_DIRECTIONS FOR THIS TASK:_ As soon as the line containing "Die Kleine Hexe" appears in the material below, start returning lines exactly, and end with the line containing "Пенал твердый YES".

_RECORDS TO USE:_

::::

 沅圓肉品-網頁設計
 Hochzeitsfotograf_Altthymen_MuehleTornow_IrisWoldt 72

::::

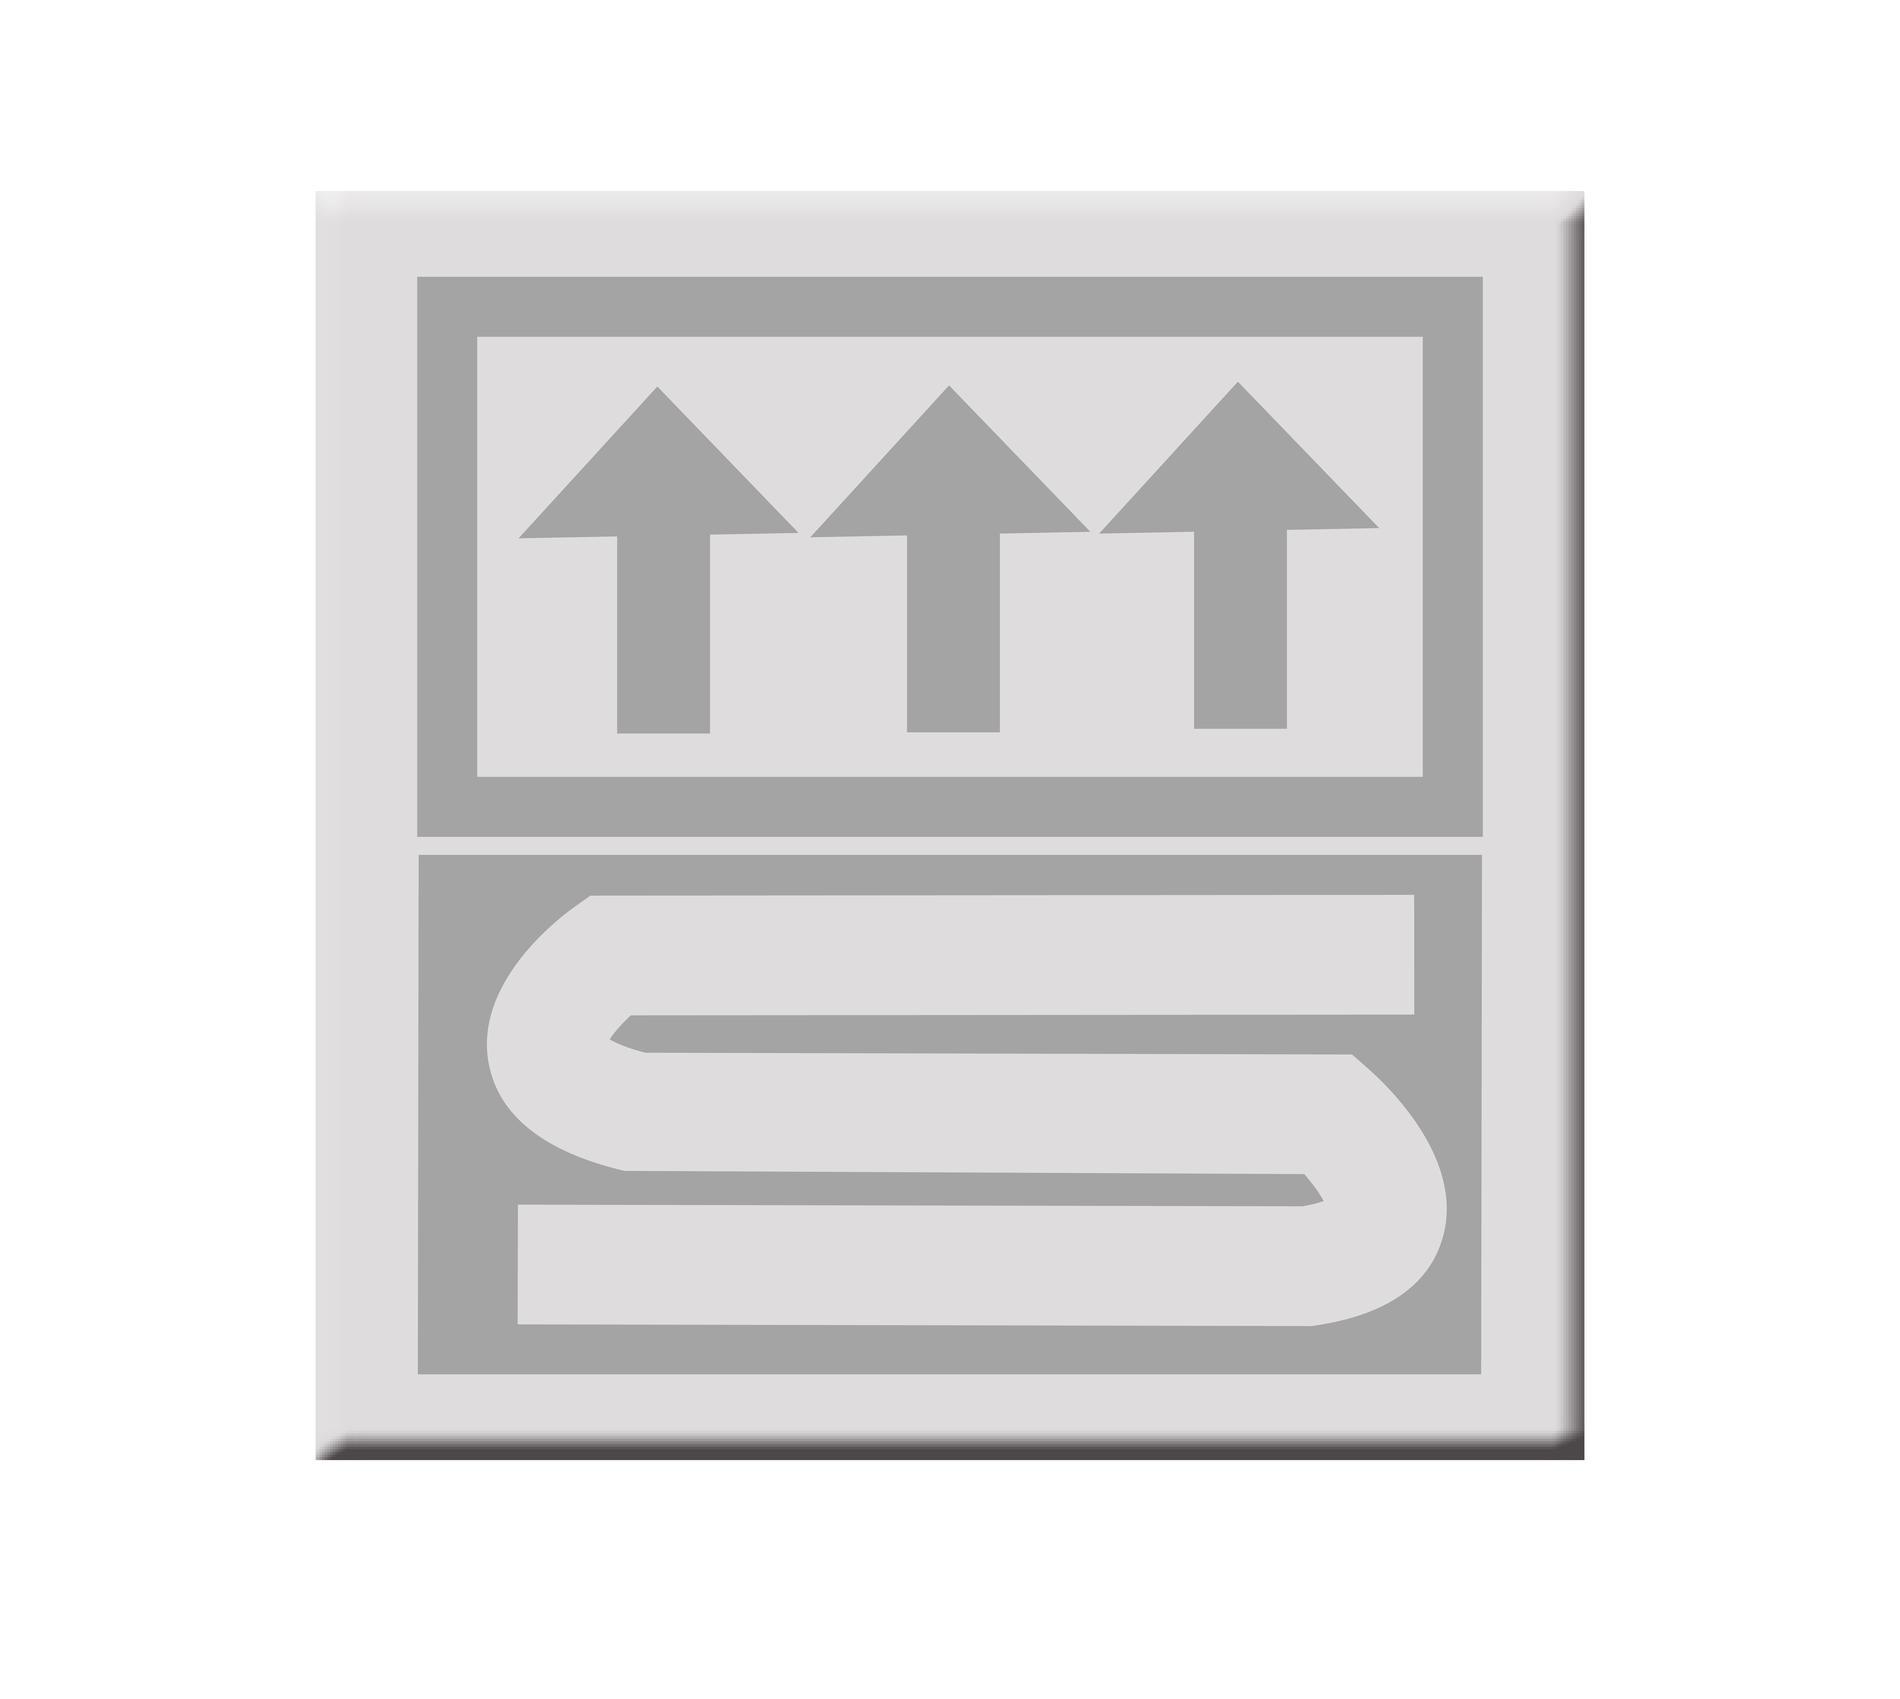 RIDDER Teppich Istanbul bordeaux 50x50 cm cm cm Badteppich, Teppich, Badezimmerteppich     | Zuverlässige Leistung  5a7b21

::::

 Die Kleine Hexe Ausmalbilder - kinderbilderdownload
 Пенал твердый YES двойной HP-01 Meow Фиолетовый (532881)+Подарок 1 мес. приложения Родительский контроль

::::

_RESPONSE TO THIS TASK:_
 Die Kleine Hexe Ausmalbilder - kinderbilderdownload
 Пенал твердый YES двойной HP-01 Meow Фиолетовый (532881)+Подарок 1 мес. приложения Родительский контроль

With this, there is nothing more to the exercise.